§ What to produce
The answer should be an exact repeat of the stretch of material below from the line containing "Economy Sp-21/33 Scissor Lift - Image 2 of 3" through the line containing "- Filtre à cocktail".
Supplied records Block Start
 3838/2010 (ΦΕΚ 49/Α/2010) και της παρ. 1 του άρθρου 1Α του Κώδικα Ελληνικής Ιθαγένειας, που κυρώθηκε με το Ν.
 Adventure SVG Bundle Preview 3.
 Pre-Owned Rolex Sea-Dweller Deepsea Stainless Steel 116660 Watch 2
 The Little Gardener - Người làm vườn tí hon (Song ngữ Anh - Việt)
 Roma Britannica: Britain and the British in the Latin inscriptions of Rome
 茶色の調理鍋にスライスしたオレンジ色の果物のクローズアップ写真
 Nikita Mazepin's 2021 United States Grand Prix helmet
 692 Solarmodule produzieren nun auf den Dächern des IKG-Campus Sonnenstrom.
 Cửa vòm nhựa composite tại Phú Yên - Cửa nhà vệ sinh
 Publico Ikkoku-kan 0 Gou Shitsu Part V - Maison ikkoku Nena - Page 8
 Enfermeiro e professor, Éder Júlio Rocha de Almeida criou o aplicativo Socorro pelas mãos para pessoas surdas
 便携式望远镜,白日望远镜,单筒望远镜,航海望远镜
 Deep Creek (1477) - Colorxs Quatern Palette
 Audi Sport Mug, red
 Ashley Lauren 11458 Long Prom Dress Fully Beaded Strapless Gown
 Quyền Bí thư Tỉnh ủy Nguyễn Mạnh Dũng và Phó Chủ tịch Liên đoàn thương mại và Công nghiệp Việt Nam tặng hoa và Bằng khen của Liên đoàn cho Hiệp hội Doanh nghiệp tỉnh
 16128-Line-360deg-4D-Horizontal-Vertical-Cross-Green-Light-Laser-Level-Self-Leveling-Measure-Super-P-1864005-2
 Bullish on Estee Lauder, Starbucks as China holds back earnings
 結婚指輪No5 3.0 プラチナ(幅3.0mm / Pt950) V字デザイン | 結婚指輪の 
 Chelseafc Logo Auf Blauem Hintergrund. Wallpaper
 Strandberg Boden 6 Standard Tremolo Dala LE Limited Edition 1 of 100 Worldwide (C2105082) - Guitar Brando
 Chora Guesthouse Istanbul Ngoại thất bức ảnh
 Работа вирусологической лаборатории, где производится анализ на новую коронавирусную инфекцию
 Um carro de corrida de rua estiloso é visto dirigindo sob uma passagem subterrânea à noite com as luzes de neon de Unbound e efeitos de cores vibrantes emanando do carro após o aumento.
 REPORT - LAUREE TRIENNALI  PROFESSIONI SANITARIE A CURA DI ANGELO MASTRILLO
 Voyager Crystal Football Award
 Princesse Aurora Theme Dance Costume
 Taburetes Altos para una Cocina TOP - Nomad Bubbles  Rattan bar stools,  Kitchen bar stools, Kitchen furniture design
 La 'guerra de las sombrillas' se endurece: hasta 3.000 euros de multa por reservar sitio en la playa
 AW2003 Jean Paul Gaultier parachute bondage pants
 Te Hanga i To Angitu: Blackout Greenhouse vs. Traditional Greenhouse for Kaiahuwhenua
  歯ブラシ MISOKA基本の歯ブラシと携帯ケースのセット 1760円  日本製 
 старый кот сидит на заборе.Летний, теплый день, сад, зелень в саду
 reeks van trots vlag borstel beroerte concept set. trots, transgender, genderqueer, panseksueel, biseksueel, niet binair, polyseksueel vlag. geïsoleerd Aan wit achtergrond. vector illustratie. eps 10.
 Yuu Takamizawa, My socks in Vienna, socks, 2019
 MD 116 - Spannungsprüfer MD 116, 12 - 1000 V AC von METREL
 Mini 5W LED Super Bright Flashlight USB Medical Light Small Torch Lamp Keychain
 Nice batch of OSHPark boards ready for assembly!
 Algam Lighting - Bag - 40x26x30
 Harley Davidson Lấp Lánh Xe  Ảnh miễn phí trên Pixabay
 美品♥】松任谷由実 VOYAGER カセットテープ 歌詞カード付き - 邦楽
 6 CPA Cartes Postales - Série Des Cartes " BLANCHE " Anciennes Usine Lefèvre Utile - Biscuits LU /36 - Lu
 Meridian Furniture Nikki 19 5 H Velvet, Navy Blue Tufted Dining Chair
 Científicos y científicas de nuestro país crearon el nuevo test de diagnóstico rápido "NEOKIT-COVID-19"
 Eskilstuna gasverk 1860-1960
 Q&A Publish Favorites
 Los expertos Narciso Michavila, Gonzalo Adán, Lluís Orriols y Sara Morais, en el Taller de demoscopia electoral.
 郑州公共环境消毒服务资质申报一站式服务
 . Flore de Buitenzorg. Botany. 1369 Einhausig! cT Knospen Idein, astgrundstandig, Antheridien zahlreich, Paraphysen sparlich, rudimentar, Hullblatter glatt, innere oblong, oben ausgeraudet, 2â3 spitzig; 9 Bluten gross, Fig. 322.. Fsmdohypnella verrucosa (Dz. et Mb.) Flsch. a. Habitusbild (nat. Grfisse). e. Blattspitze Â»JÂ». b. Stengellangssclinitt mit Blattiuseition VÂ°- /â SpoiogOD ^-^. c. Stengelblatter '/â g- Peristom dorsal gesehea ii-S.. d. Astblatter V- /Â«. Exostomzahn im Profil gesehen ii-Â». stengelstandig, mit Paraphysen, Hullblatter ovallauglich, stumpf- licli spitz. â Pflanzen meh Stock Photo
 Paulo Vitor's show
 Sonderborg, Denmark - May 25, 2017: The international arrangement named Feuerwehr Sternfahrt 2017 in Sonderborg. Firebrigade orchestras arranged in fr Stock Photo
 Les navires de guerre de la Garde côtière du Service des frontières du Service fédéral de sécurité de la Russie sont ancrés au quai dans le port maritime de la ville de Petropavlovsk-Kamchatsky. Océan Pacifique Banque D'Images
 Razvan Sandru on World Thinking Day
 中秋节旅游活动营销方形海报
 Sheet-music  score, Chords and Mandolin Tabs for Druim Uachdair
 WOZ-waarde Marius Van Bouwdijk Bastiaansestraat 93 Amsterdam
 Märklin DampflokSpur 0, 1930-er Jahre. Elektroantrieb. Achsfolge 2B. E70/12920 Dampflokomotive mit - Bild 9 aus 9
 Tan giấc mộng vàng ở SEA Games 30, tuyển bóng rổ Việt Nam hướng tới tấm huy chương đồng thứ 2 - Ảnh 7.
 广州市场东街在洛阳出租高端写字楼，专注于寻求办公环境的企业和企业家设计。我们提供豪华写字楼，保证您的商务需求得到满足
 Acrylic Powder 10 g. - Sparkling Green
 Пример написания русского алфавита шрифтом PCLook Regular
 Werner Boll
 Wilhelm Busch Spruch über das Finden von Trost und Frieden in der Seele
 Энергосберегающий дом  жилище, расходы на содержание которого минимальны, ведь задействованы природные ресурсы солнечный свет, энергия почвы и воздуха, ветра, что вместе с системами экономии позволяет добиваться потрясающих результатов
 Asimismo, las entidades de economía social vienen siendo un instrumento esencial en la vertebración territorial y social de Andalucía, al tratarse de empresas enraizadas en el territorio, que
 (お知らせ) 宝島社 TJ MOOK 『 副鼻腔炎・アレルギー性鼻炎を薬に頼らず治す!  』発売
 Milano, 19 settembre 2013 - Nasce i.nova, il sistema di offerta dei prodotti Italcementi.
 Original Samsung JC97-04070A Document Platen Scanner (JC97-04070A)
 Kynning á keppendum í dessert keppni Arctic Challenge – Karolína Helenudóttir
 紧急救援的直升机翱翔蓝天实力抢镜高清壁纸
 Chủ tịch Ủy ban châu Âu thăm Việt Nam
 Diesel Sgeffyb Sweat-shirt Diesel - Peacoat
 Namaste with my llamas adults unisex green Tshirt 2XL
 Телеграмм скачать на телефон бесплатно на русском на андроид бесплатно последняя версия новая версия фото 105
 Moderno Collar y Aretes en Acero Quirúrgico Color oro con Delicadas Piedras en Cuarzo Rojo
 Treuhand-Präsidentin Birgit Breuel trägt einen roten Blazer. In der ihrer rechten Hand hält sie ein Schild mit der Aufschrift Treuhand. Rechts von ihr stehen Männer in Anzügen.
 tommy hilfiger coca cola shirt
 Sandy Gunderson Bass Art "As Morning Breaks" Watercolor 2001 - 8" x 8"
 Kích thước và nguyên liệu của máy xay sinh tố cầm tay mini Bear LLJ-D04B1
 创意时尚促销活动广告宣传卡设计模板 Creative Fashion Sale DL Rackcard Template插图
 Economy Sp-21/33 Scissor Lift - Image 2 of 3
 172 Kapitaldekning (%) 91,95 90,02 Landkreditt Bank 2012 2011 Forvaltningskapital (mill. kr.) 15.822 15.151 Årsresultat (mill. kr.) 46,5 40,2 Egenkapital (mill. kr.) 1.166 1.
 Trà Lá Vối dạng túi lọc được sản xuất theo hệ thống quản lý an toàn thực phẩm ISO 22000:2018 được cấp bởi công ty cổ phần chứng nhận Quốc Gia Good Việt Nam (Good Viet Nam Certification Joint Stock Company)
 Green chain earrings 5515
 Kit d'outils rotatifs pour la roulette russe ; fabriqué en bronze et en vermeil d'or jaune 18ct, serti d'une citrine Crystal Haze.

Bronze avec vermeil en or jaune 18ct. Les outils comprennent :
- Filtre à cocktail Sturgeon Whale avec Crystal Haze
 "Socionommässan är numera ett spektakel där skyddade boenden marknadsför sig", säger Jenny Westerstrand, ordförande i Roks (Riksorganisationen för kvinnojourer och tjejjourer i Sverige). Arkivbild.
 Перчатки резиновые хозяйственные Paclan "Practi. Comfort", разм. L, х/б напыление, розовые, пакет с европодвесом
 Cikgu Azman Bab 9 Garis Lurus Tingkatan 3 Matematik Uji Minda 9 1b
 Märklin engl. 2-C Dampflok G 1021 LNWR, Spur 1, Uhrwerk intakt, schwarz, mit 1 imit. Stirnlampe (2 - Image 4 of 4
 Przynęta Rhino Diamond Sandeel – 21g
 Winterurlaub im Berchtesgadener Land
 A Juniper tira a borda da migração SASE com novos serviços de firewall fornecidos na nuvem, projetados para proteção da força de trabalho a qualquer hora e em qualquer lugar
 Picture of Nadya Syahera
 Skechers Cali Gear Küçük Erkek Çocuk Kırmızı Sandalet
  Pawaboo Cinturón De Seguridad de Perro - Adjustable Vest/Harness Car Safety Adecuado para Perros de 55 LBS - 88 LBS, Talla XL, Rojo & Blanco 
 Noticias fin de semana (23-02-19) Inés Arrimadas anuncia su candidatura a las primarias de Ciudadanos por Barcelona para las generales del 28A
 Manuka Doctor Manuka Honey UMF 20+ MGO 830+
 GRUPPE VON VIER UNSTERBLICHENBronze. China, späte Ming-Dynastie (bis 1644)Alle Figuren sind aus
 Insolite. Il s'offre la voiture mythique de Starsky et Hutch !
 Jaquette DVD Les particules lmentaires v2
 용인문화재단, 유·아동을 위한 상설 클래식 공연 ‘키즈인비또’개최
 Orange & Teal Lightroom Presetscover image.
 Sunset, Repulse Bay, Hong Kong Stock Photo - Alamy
Supplied records Block End
§ Answer
 Economy Sp-21/33 Scissor Lift - Image 2 of 3
 172 Kapitaldekning (%) 91,95 90,02 Landkreditt Bank 2012 2011 Forvaltningskapital (mill. kr.) 15.822 15.151 Årsresultat (mill. kr.) 46,5 40,2 Egenkapital (mill. kr.) 1.166 1.
 Trà Lá Vối dạng túi lọc được sản xuất theo hệ thống quản lý an toàn thực phẩm ISO 22000:2018 được cấp bởi công ty cổ phần chứng nhận Quốc Gia Good Việt Nam (Good Viet Nam Certification Joint Stock Company)
 Green chain earrings 5515
 Kit d'outils rotatifs pour la roulette russe ; fabriqué en bronze et en vermeil d'or jaune 18ct, serti d'une citrine Crystal Haze.

Bronze avec vermeil en or jaune 18ct. Les outils comprennent :
- Filtre à cocktail Sturgeon Whale avec Crystal Haze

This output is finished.